• _EXTRACTED RECORDS_
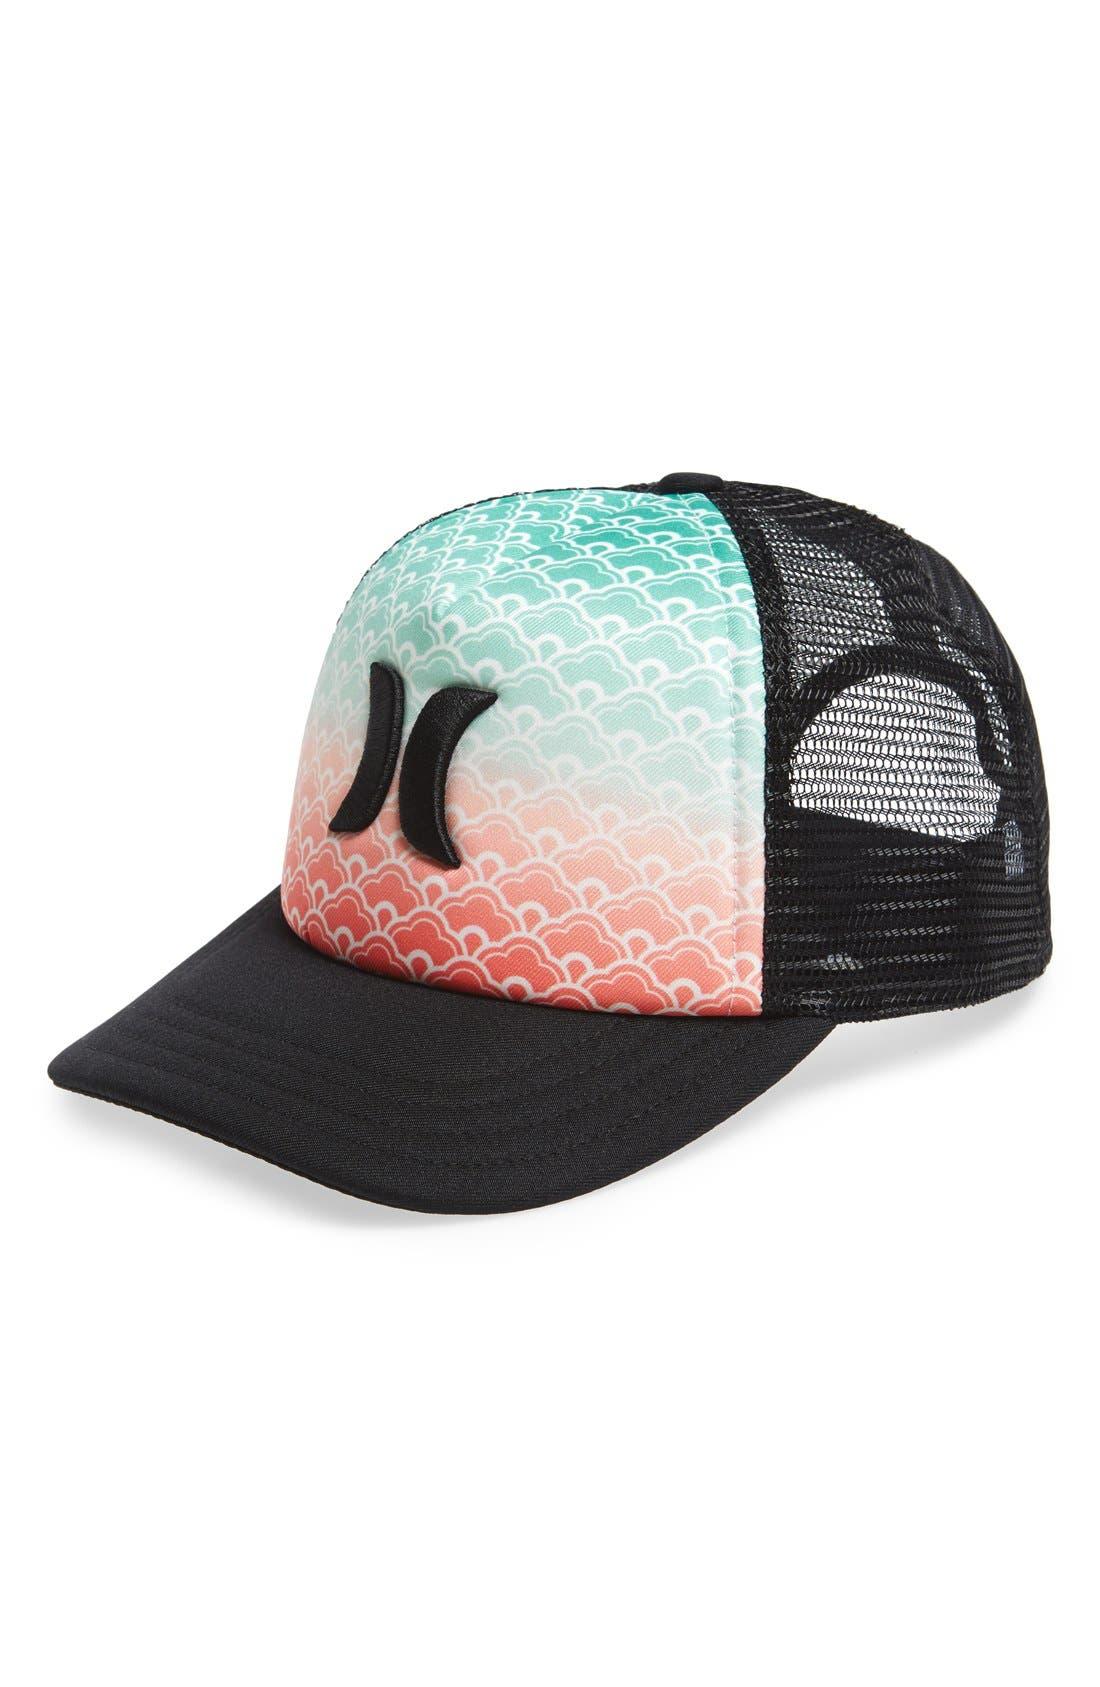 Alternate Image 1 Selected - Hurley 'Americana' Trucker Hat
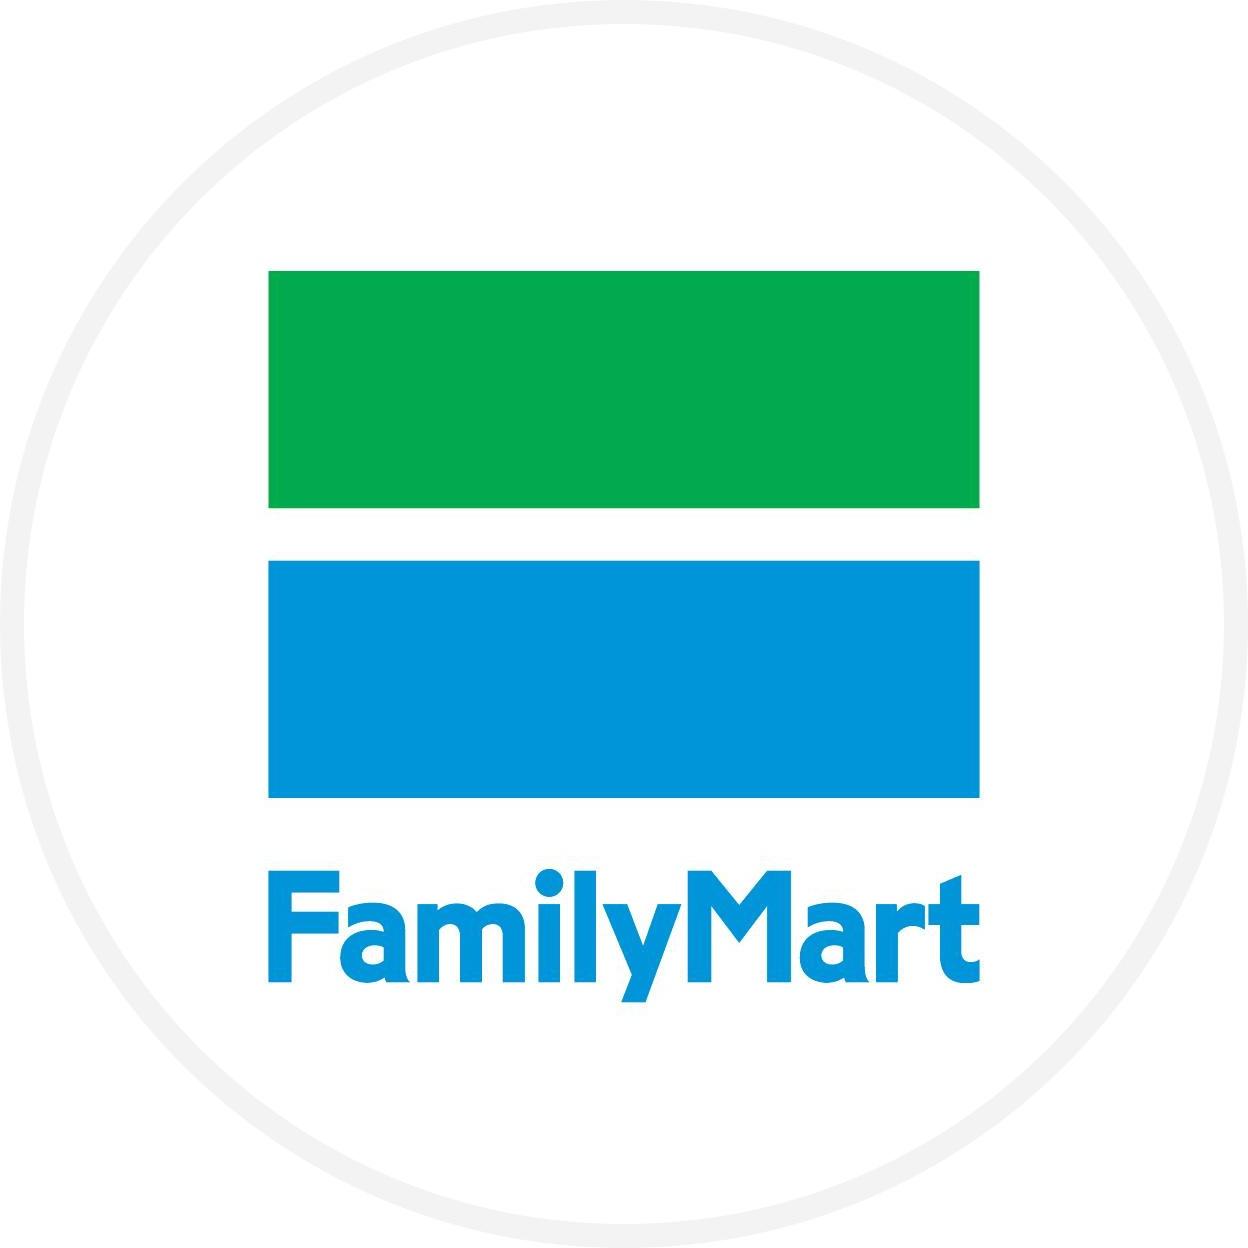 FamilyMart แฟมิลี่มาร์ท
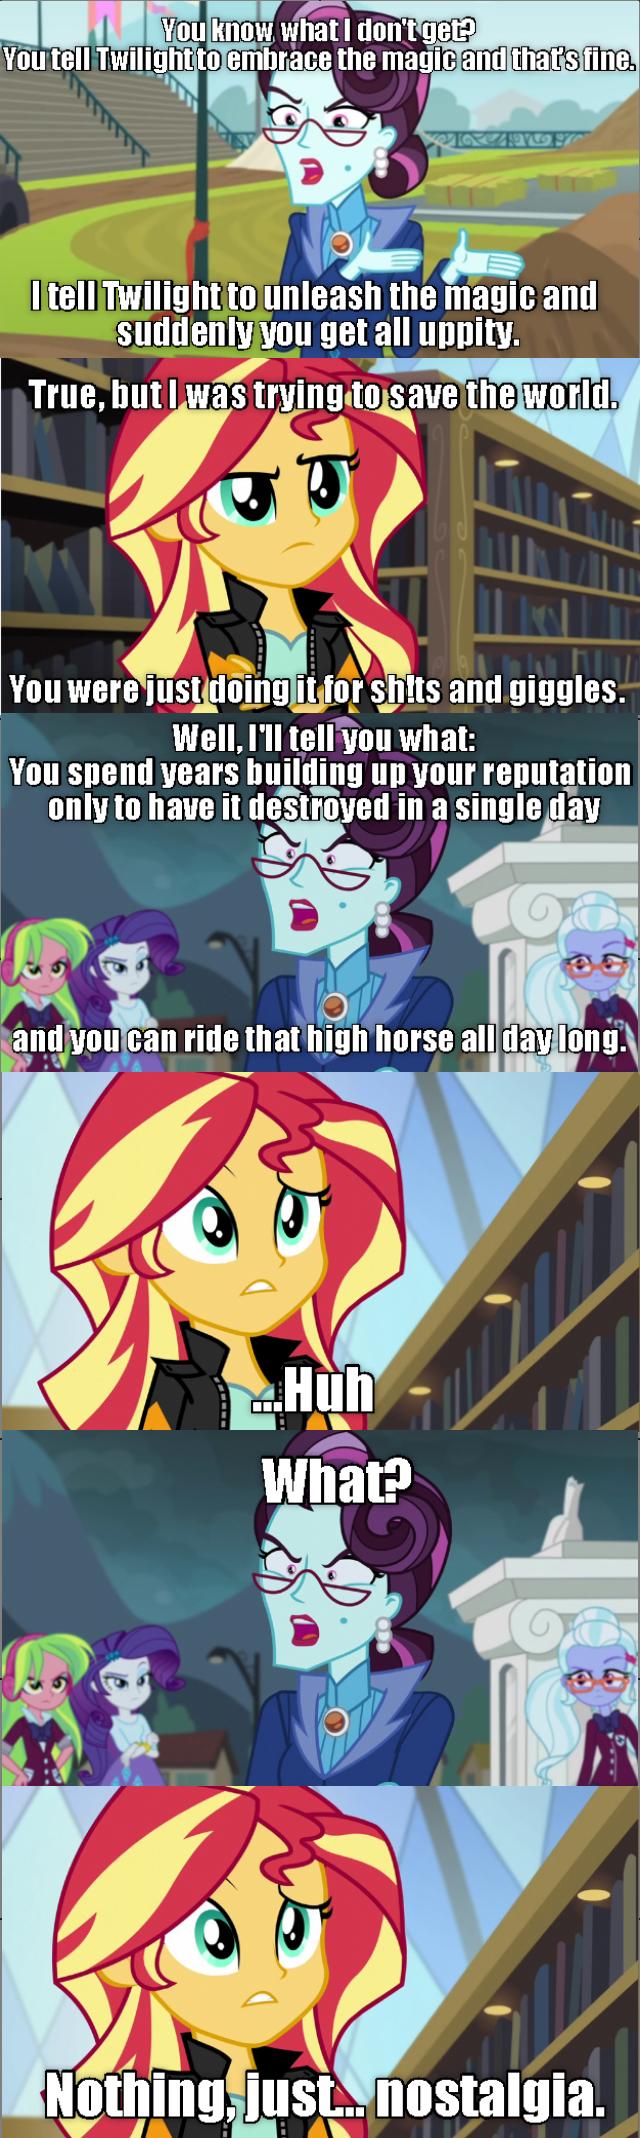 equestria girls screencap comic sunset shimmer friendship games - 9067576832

---

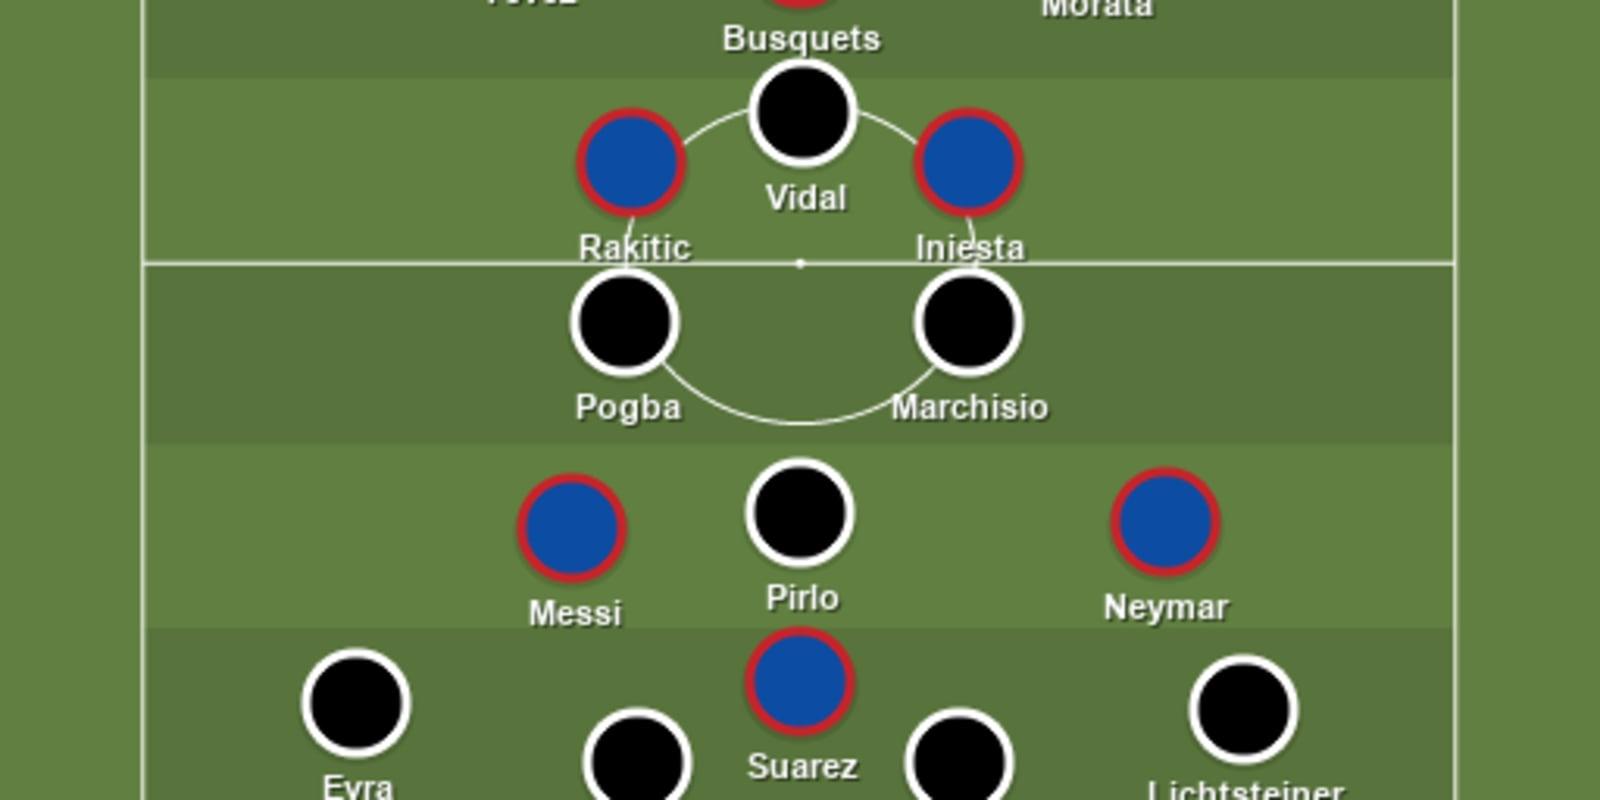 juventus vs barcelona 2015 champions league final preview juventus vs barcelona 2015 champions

==

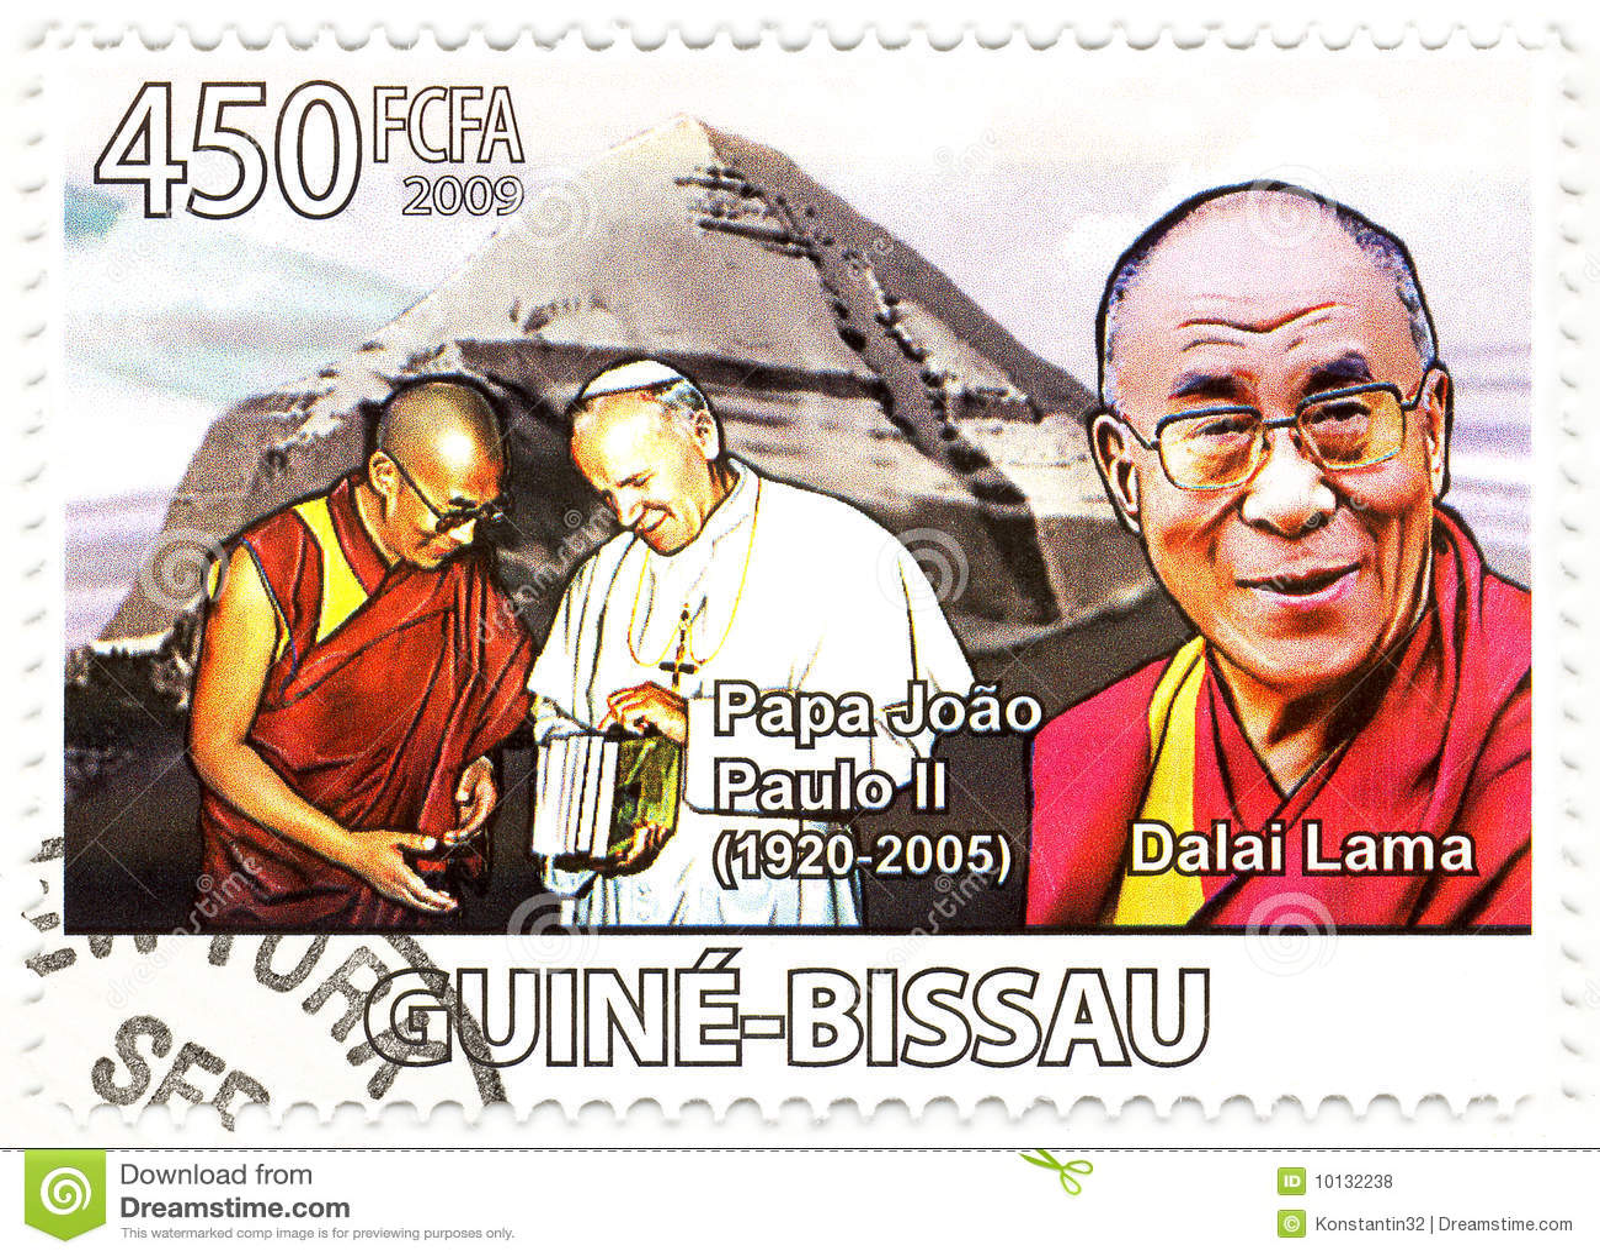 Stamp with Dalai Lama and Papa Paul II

• _YOUR ASSIGNMENT_
Looking above, find the stretch of lines that opens with the one holding "Alternate Image 1" and closes with the one holding "equestria girls screencap". Copy it exactly, pictures excluded.

• _YOUR SOLUTION_
 Alternate Image 1 Selected - Hurley 'Americana' Trucker Hat
 FamilyMart แฟมิลี่มาร์ท
 equestria girls screencap comic sunset shimmer friendship games - 9067576832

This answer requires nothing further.